For such reason I used the term in 1975 to cover six departures
from Modernism (The Rise of Post-Modern Architecture,
Eindhoven 1975) — departures from a shared tradition not
reaction against it. The six schools of post-modernism (lower
case) - historicism, neo-vernacular, adhocism, contextualism,
metaphorical and metaphysical architects, and those who
develop an ambiguous space — are distinguishable from each
other, but they also have a commonality: they "double-code"

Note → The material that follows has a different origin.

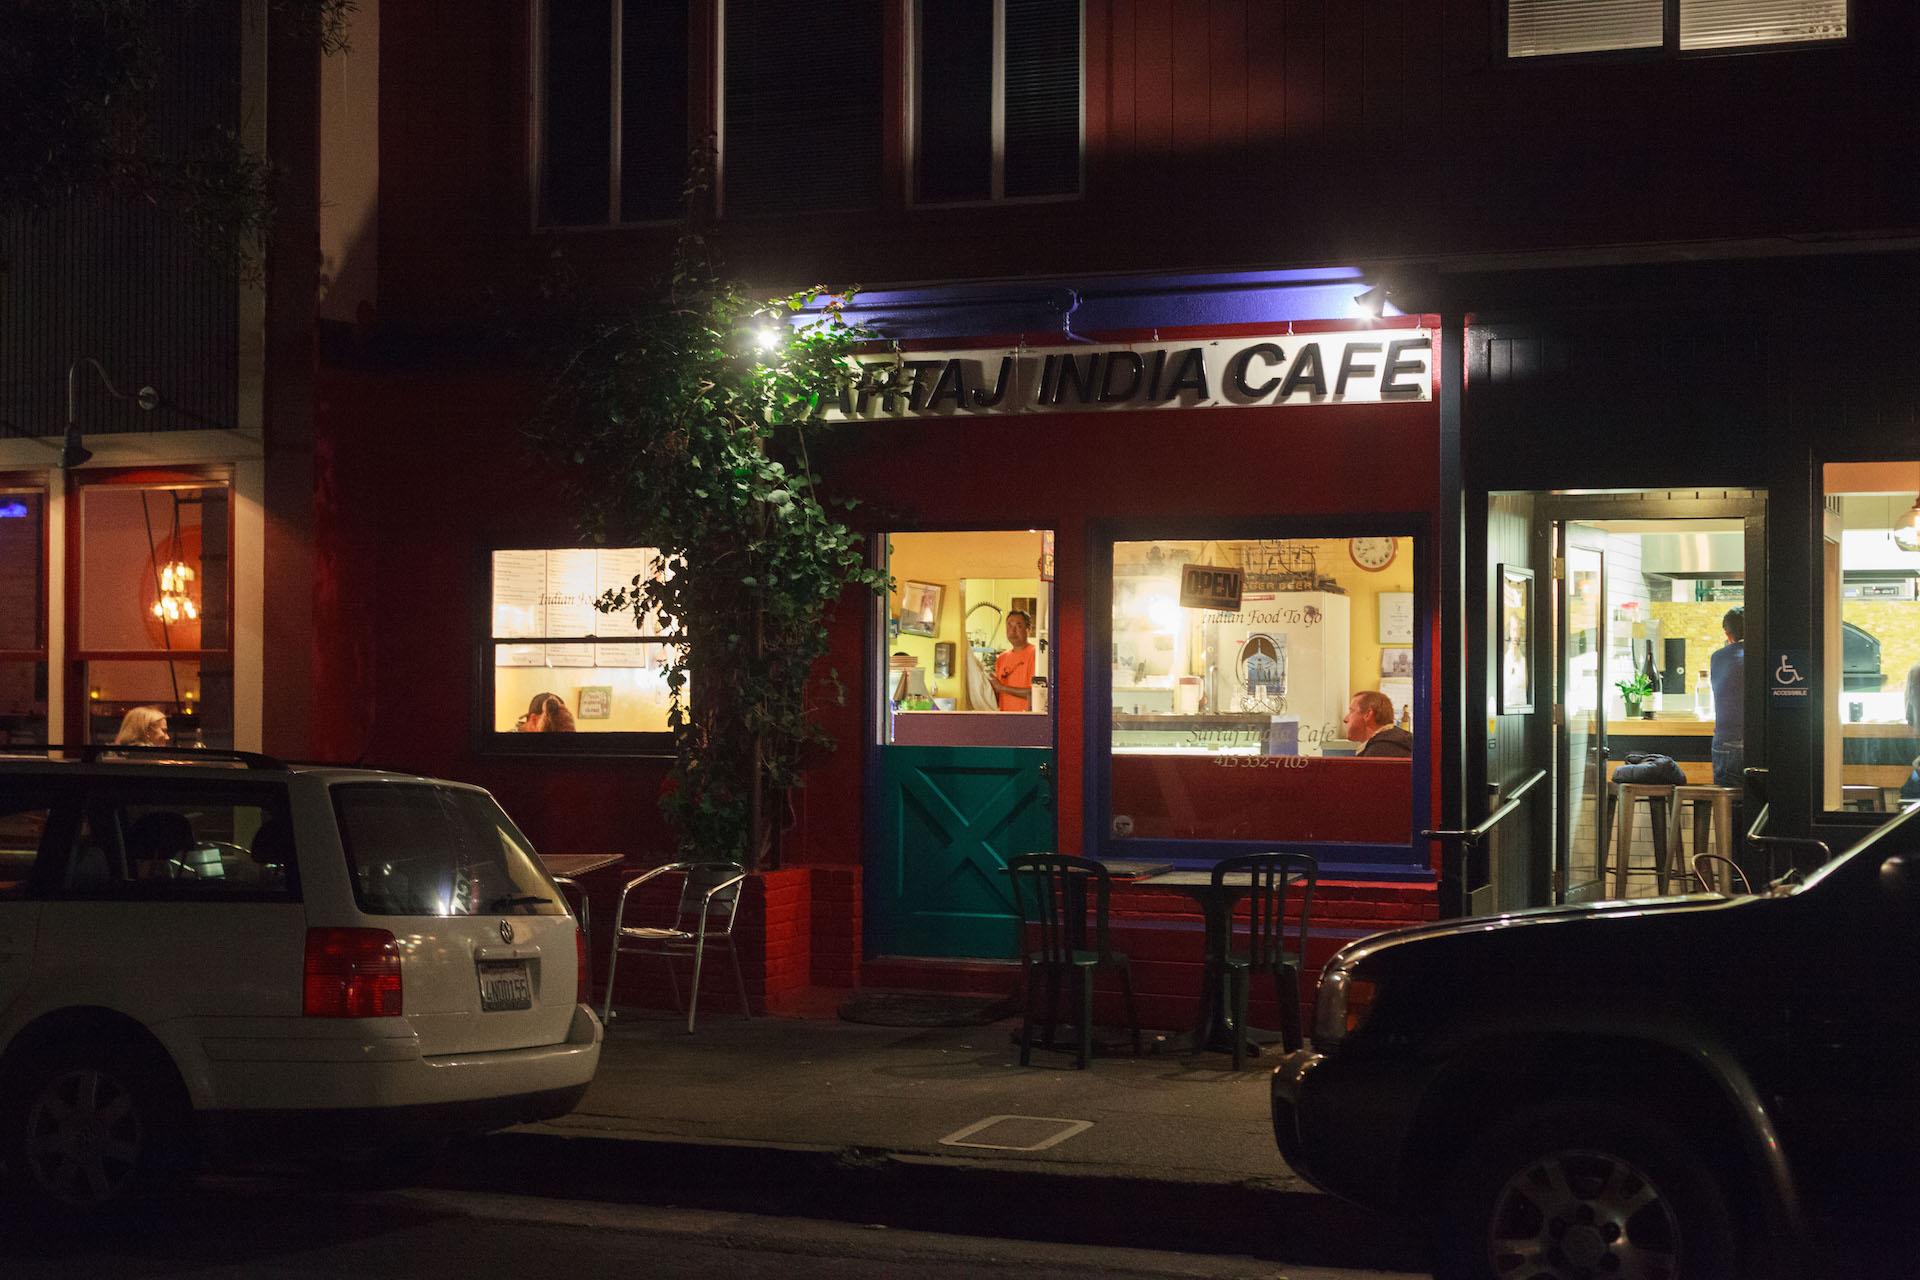 Sartaj India Cafe in Sausalito.

their buildings. They all are partly Modern (because of the
tradition from which they depart) and partly Other. Hence
Post-Modernism defined means this double-coding, a stricter definition I
understood only after the first edition of my book in 1977. The
definition opposes this heterogenous group with that which they
are often confused — Late-Modernists.
La Strada Novissima: The 1980 Venice Biennale
A text by Charles Jencks on The Presence of the Past, the first Venice Architecture Biennale, directed by Paolo Portoghesi.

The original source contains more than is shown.